There are reasons politicians tolerate such a large tax gap. No one really likes taxes, so the IRS has no natural constituency. When it does crack down, as it did for a time during the 1990s, the howls of protest from wealthy and not-so-wealthy taxpayers alike motivate Congress to force the agency to back off.  

But that leniency with tax scofflaws has its costs. The IRS collected substantially less through its enforcement efforts in fiscal 2012 – $50.2 billion – than in the previous two years, according to the Treasury Inspector General for Tax Administration.  The 13 percent drop in enforcement revenues corresponds with the 14 percent drop in enforcement personnel in the same two years.

Eliminating the tax gap through increased IRS enforcement activities is probably not possible in today’s political climate. The smart business move for Uncle Sam today is to collect more tax revenue through withholding – and it’s a sure way to improve current cash flow.

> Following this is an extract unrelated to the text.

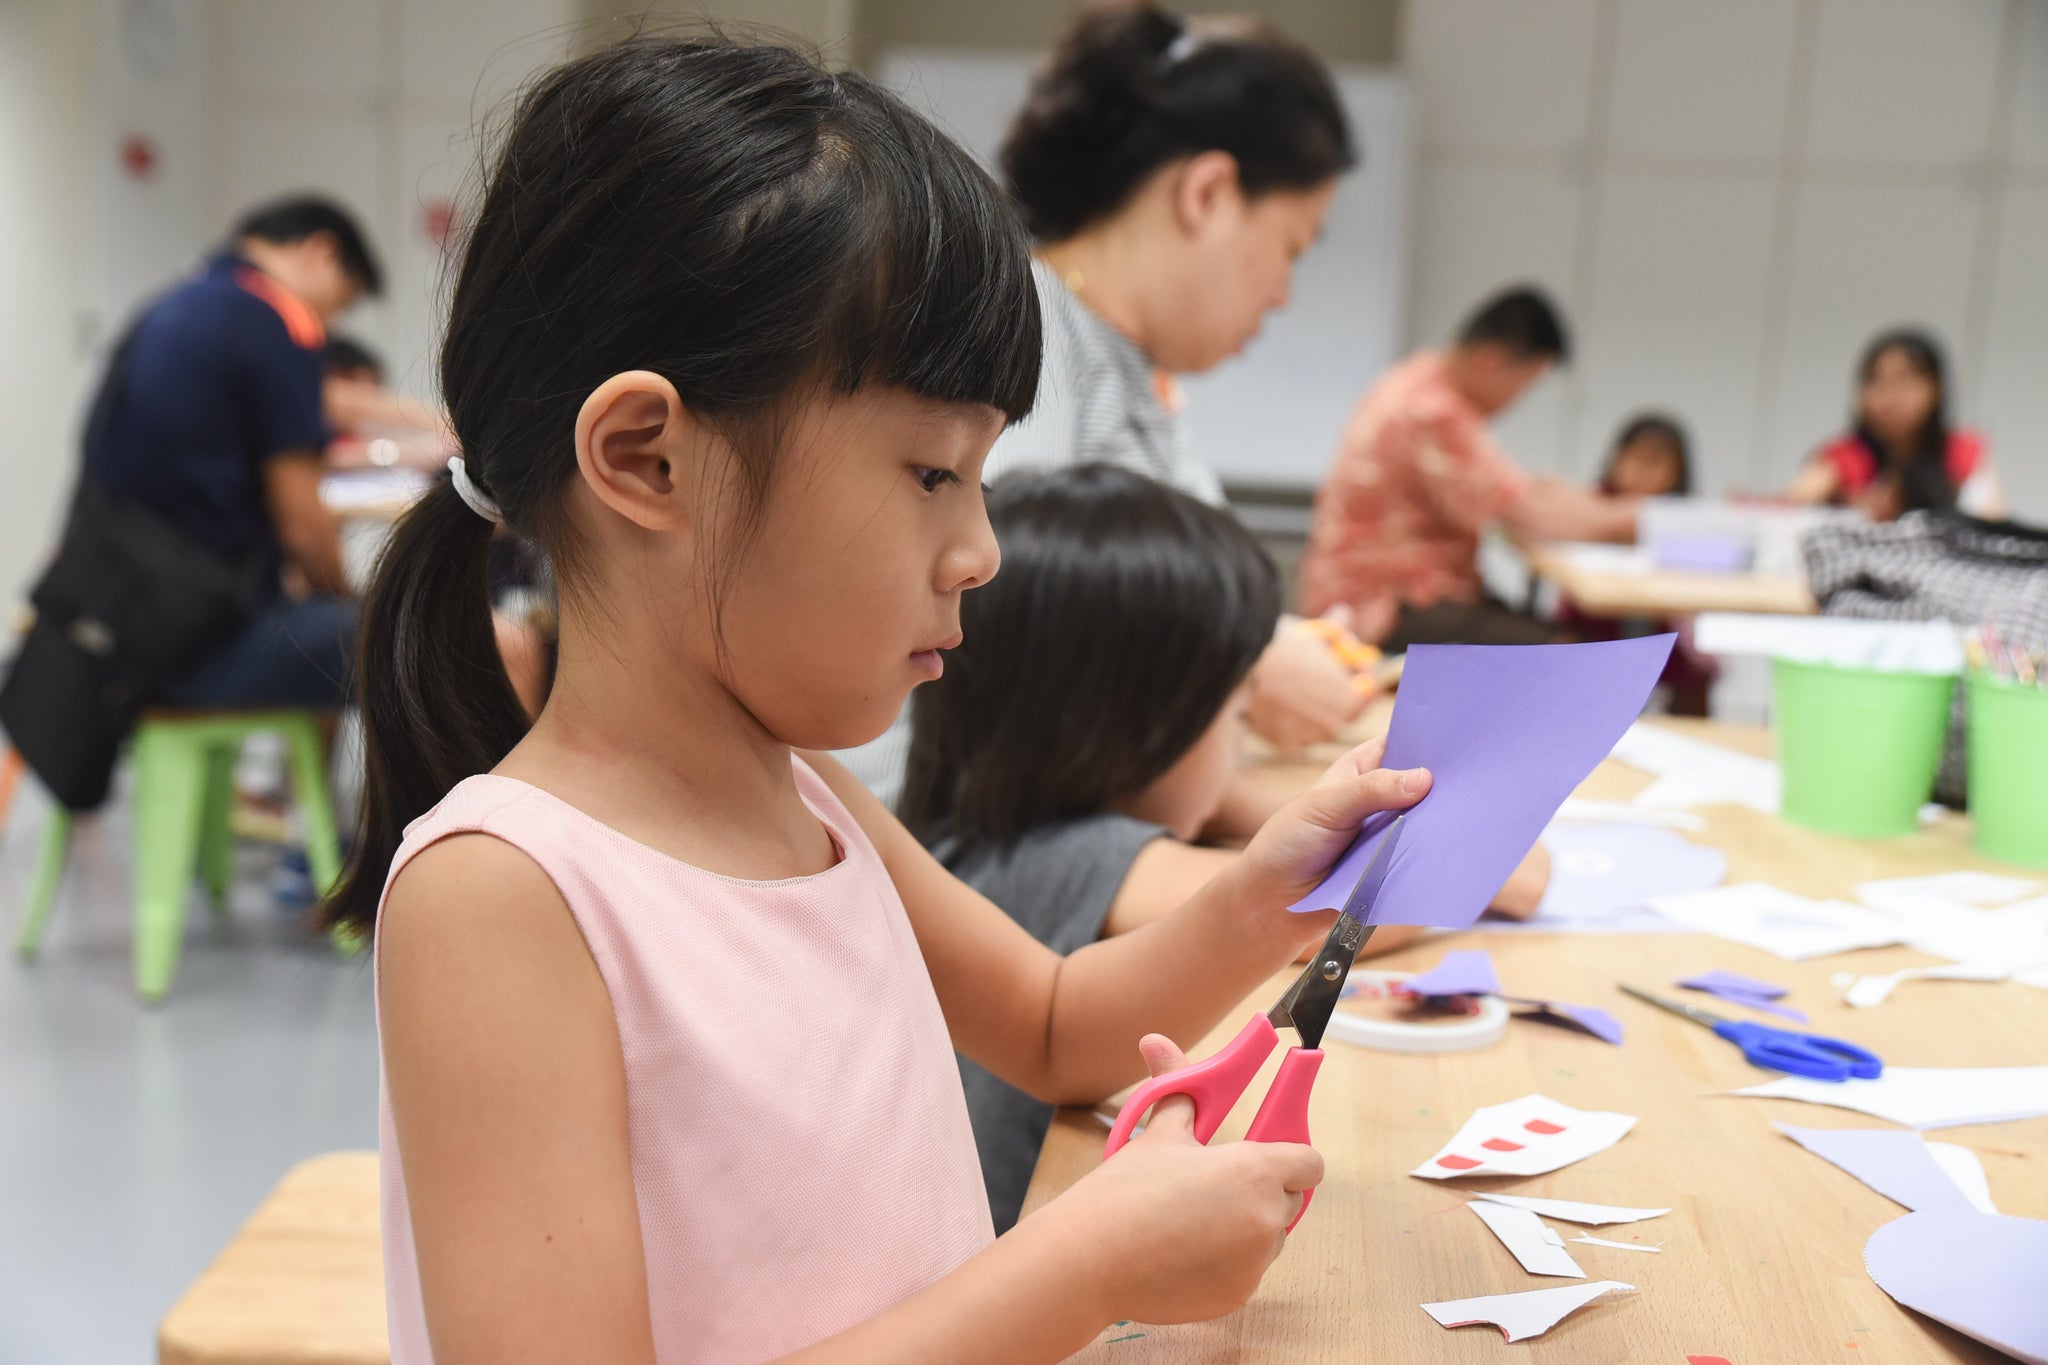 Gallery Kids! A Dedicated Website for Families by the National Gallery Singapore!

Under a 2010 law known as “FATCA,” designed to ferret out THAT foreign financial income of US tax cheats, new withholding as well as reporting and intra-country exchange of information procedures are already scheduled to begin on July 1, 2014. (At its annual winter meeting, the Republican National Committee voted to call for a repeal of FATCA, the only tax law considered during this event.)

A side benefit of FATCA’s upcoming implementation is the awareness that businesses now have of their long-standing obligation to withhold and report on US income payments to foreign entities as well as to nonresident aliens (called “NRA withholding”) – a tax law dating to 1956 that has been complied with historically more as the exception than the rule.

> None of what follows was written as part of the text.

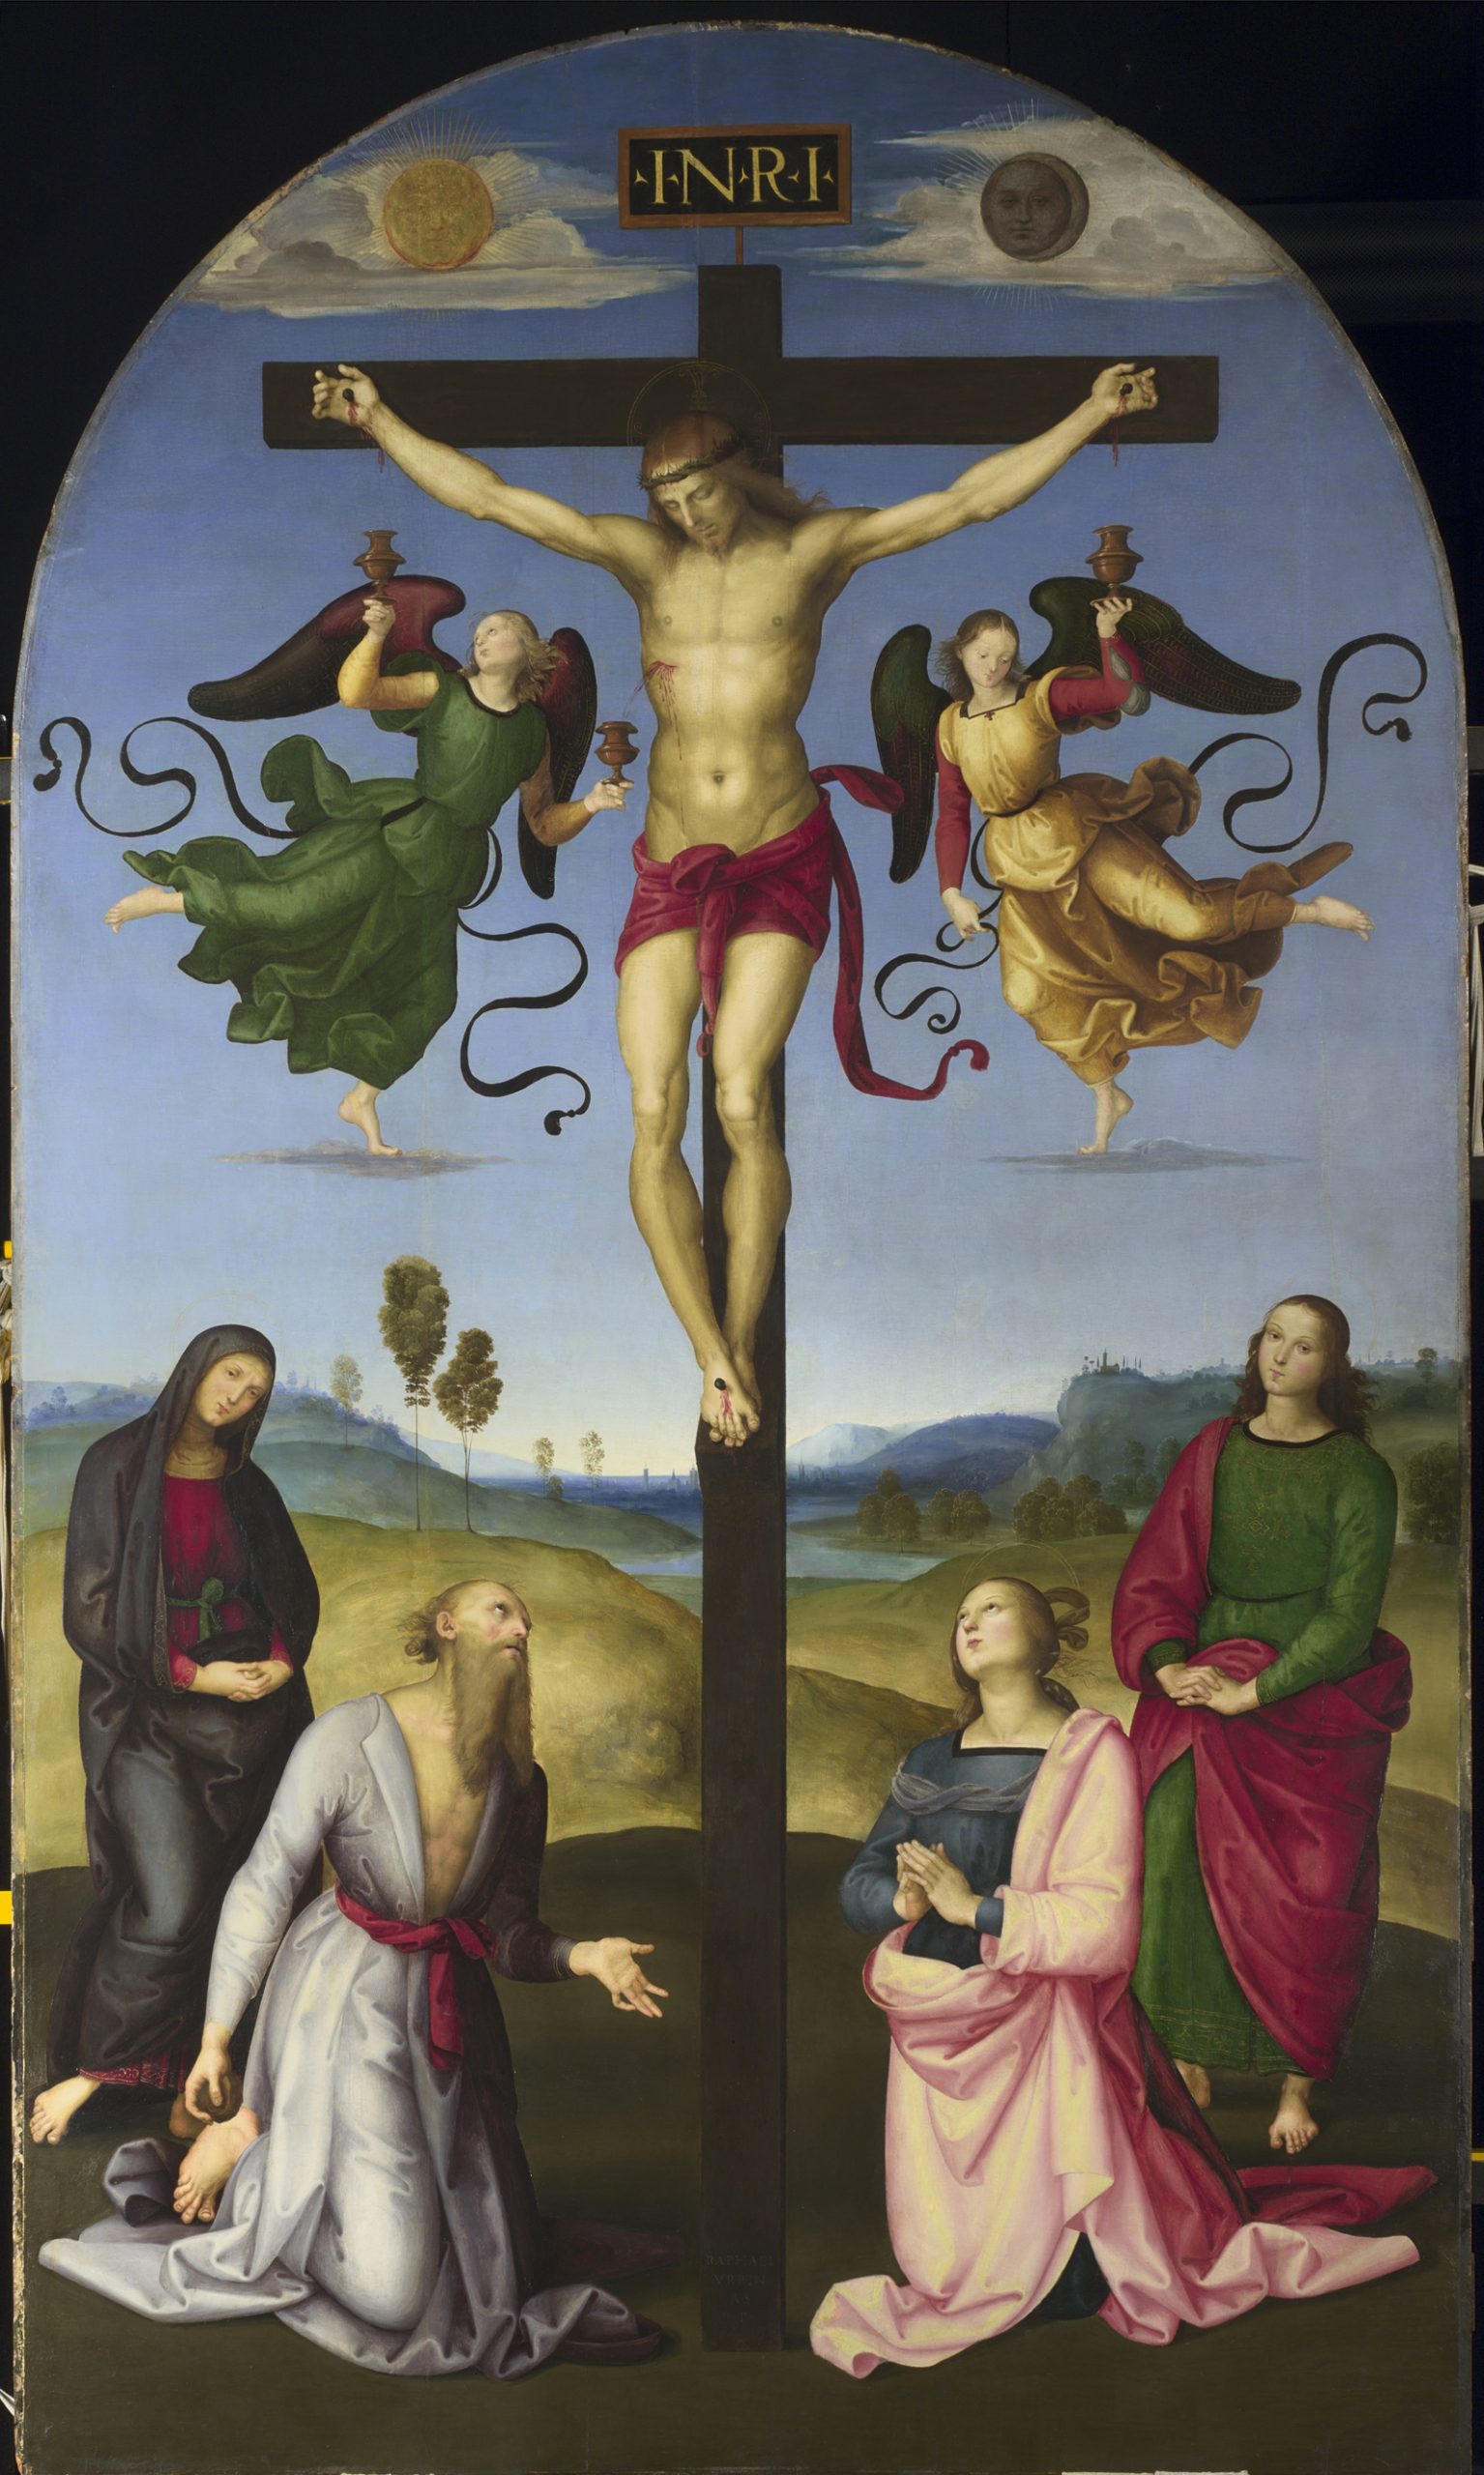 Raphael, The Crucified Christ with the Virgin Mary, Saints and Angels (The Mond Crucifixion), Short title: The Mond Crucifixion, about 1502-3, Oil on poplar, 283.3 x 167.3 cm, © The National Gallery, London

Congress can do much to improve the government’s cash flow. Withholding on payments to US independent contractors (already required on income paid to nonresident alien contractors) would close the tax gap caused by these taxpayers. Tightening up the rules defining “employee” (already done by a number of states) would cause more workers to be reclassified as the employees that they really are, subjecting their income to payroll taxes and W-2 reporting – and closing the S Corporation loophole would stem significant loss of revenue.

And withholding on income paid to US government contractors would further reduce the tax gap – more than 60,000 contractors owed more than $7 billion in unpaid taxes in 2007. (The Senate already has a bill to ban tax scofflaw contractors from future government contracts.)

New withholding and reporting procedures and a tighter definition of employee combined with tax reforms that simplify both individual and small business taxes is the way to reduce the size of the IRS, not budget cuts that impinge on tax collection. Until these reforms can be enacted, Congress needs to fund the IRS so it can meet its dual responsibilities of serving the needs of US taxpayers and collecting the taxes already owed to Uncle Sam.

– Paula N. Singer is a tax attorney with Vacovec, Mayotte & Singer LLP and author of many articles in tax journals and 11 tax guidebooks published by Windstar Publishing (now Thomson Reuters). She owned small businesses with tax-related products and services for over 20 years.